(Dataset section)

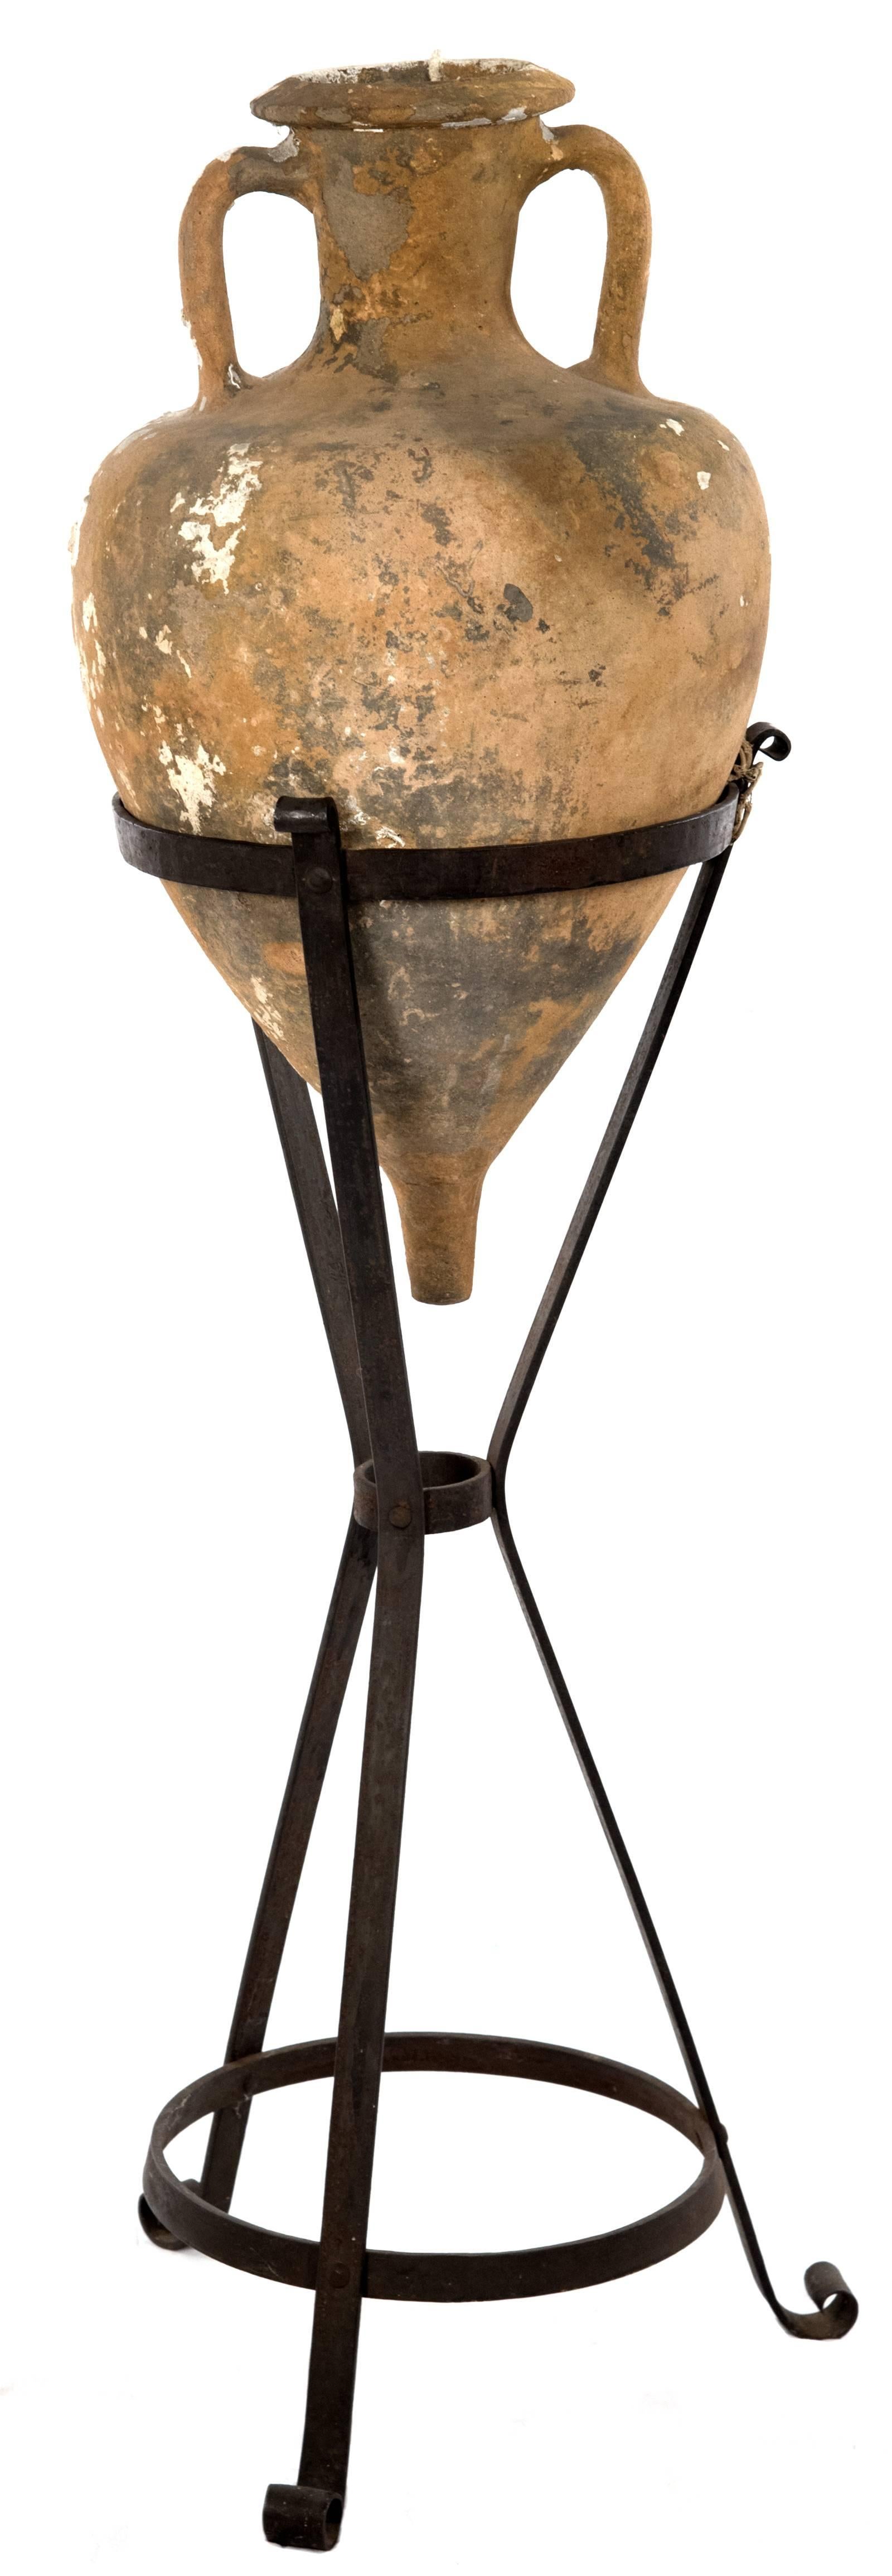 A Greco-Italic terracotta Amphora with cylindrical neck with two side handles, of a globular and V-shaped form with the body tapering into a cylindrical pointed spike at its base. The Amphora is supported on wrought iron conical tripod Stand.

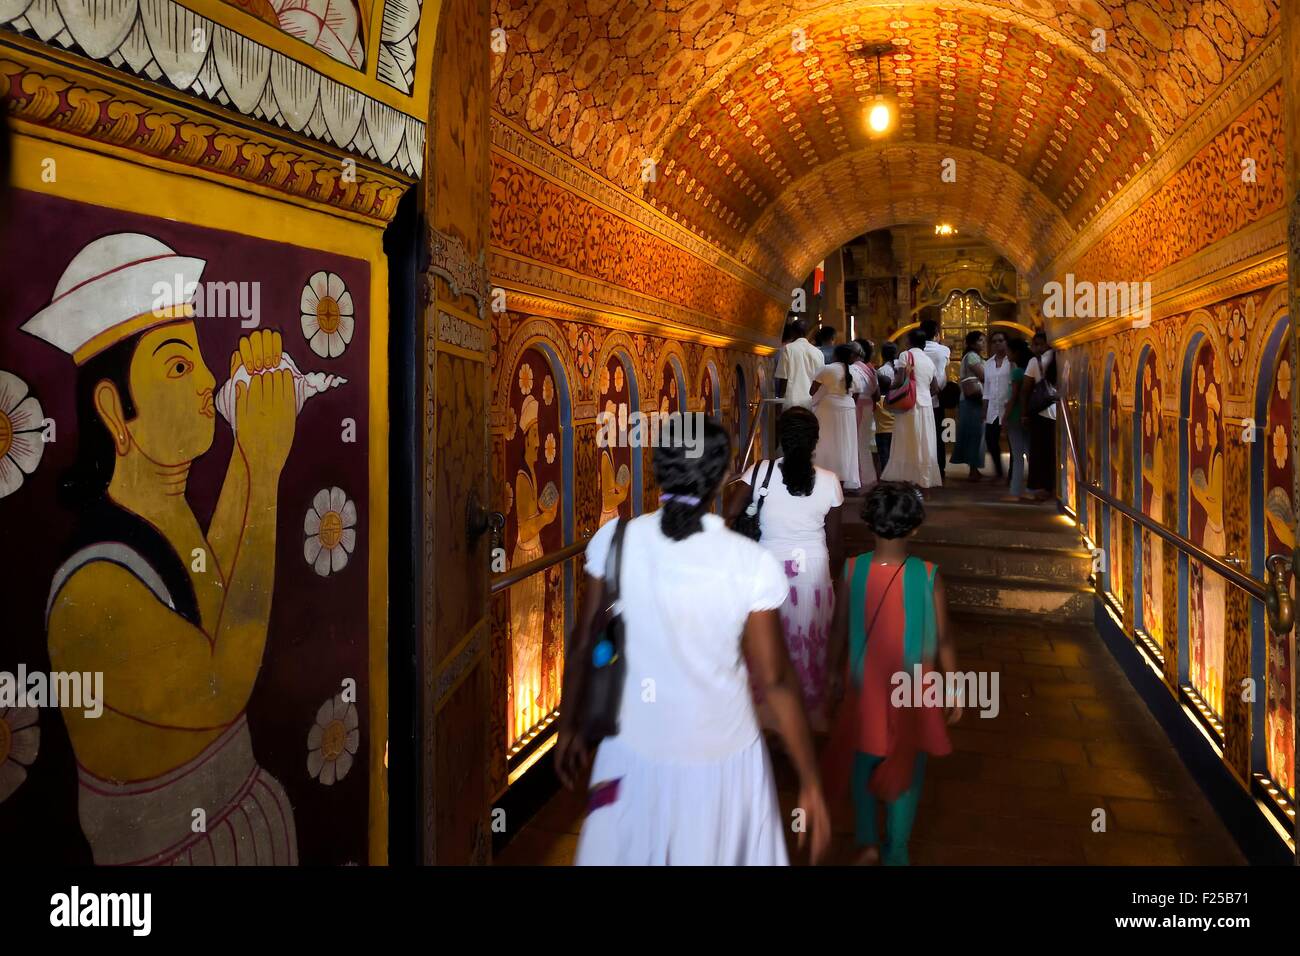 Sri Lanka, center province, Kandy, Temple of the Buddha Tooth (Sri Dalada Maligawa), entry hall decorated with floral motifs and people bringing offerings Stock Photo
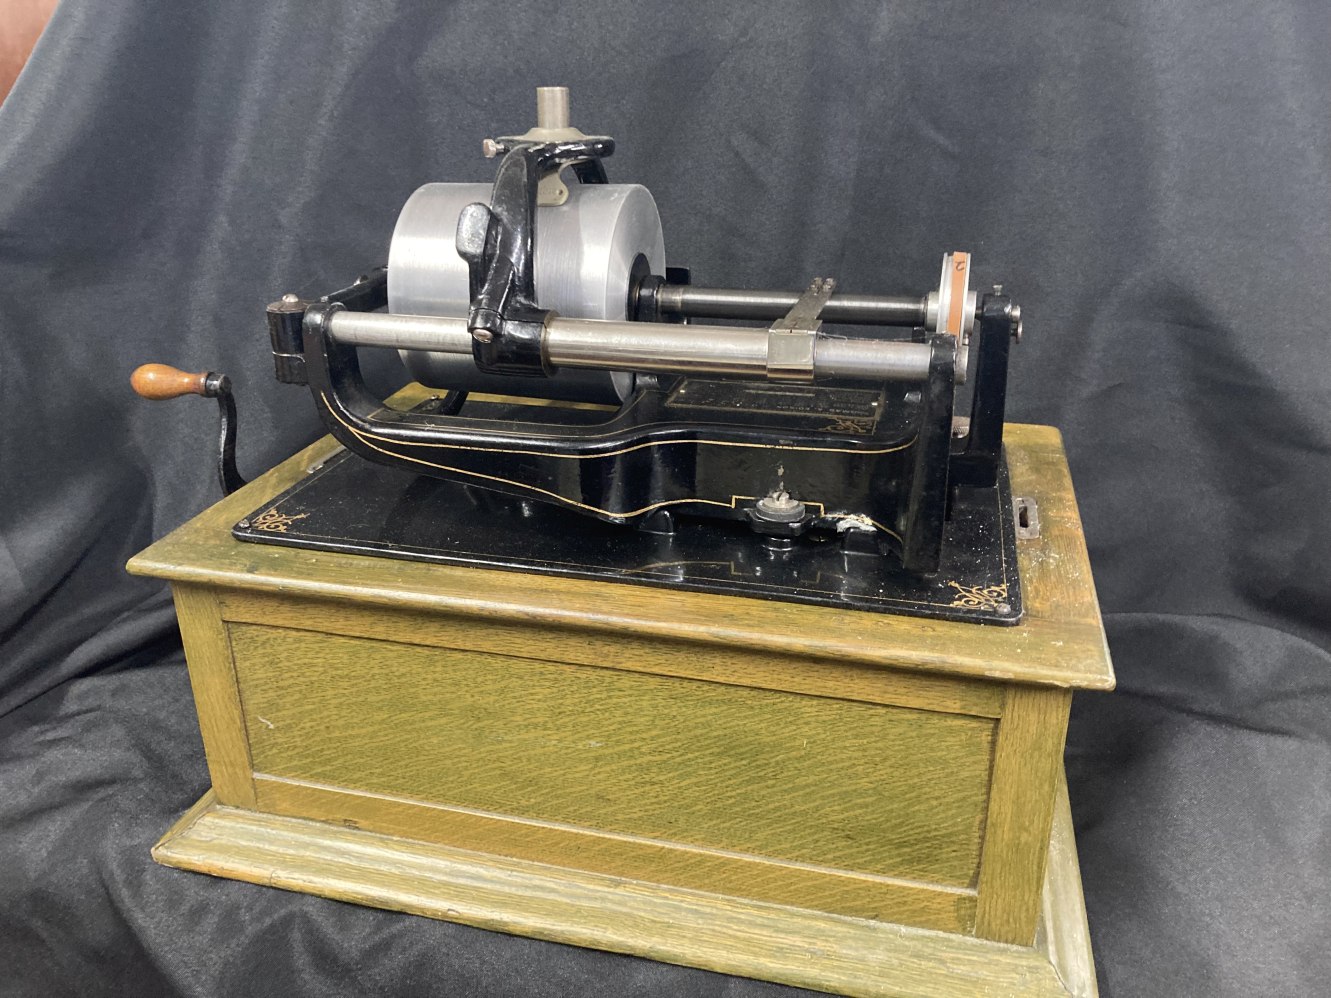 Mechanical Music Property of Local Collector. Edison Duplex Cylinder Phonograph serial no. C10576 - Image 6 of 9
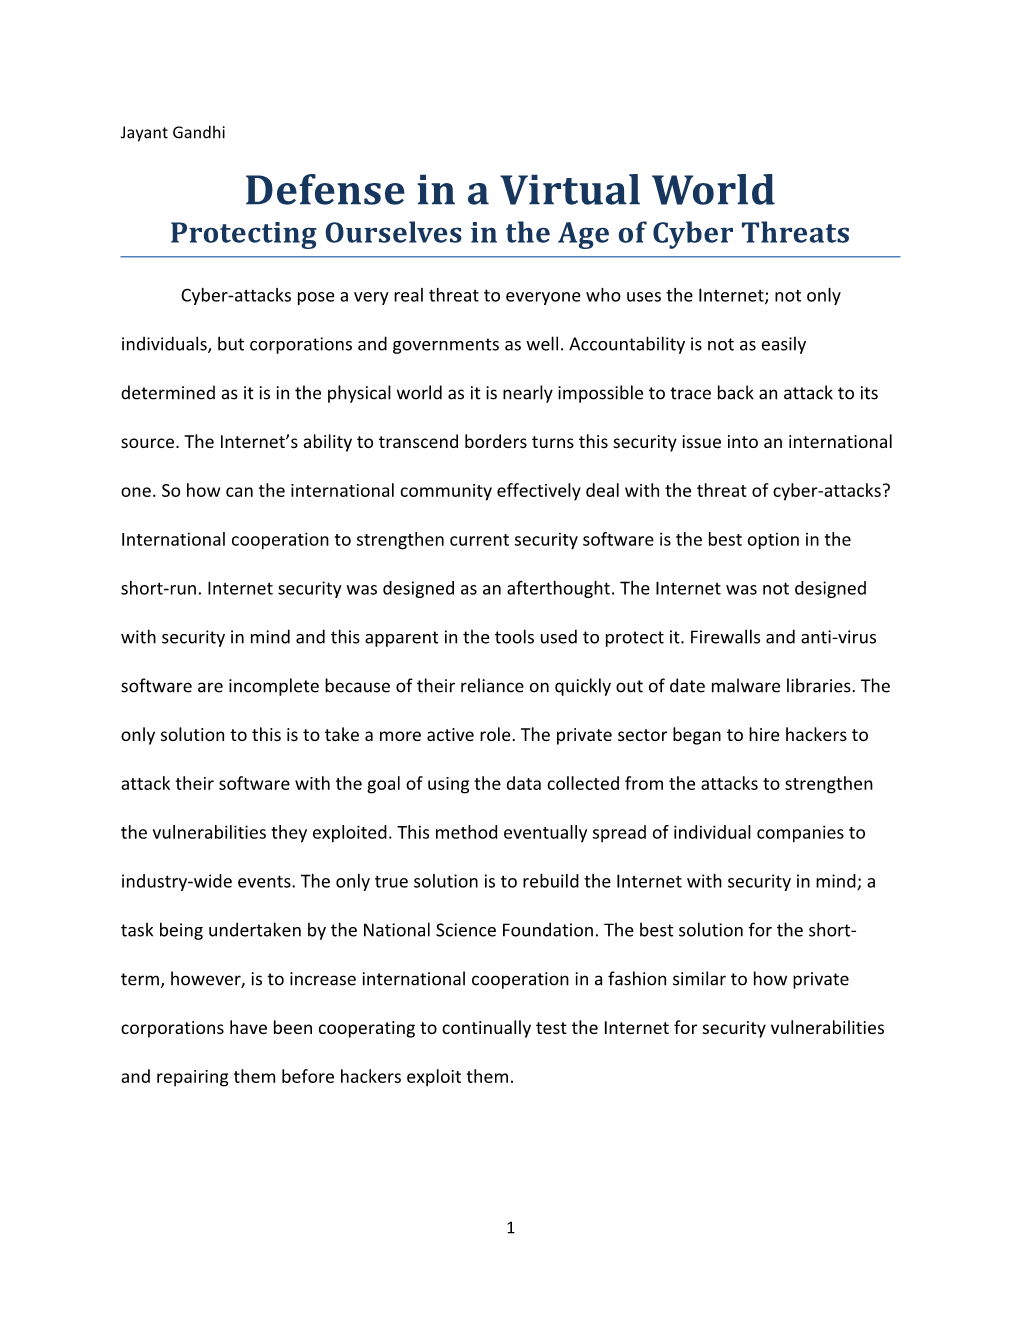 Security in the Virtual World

(Problem requirements) Everything in the material must be duplicated exactly, except the pictures.

(Result)
 A Greco-Italic terracotta Amphora with cylindrical neck with two side handles, of a globular and V-shaped form with the body tapering into a cylindrical pointed spike at its base. The Amphora is supported on wrought iron conical tripod Stand.

 Sri Lanka, center province, Kandy, Temple of the Buddha Tooth (Sri Dalada Maligawa), entry hall decorated with floral motifs and people bringing offerings Stock Photo
 Mechanical Music Property of Local Collector. Edison Duplex Cylinder Phonograph serial no. C10576 - Image 6 of 9
 Security in the Virtual World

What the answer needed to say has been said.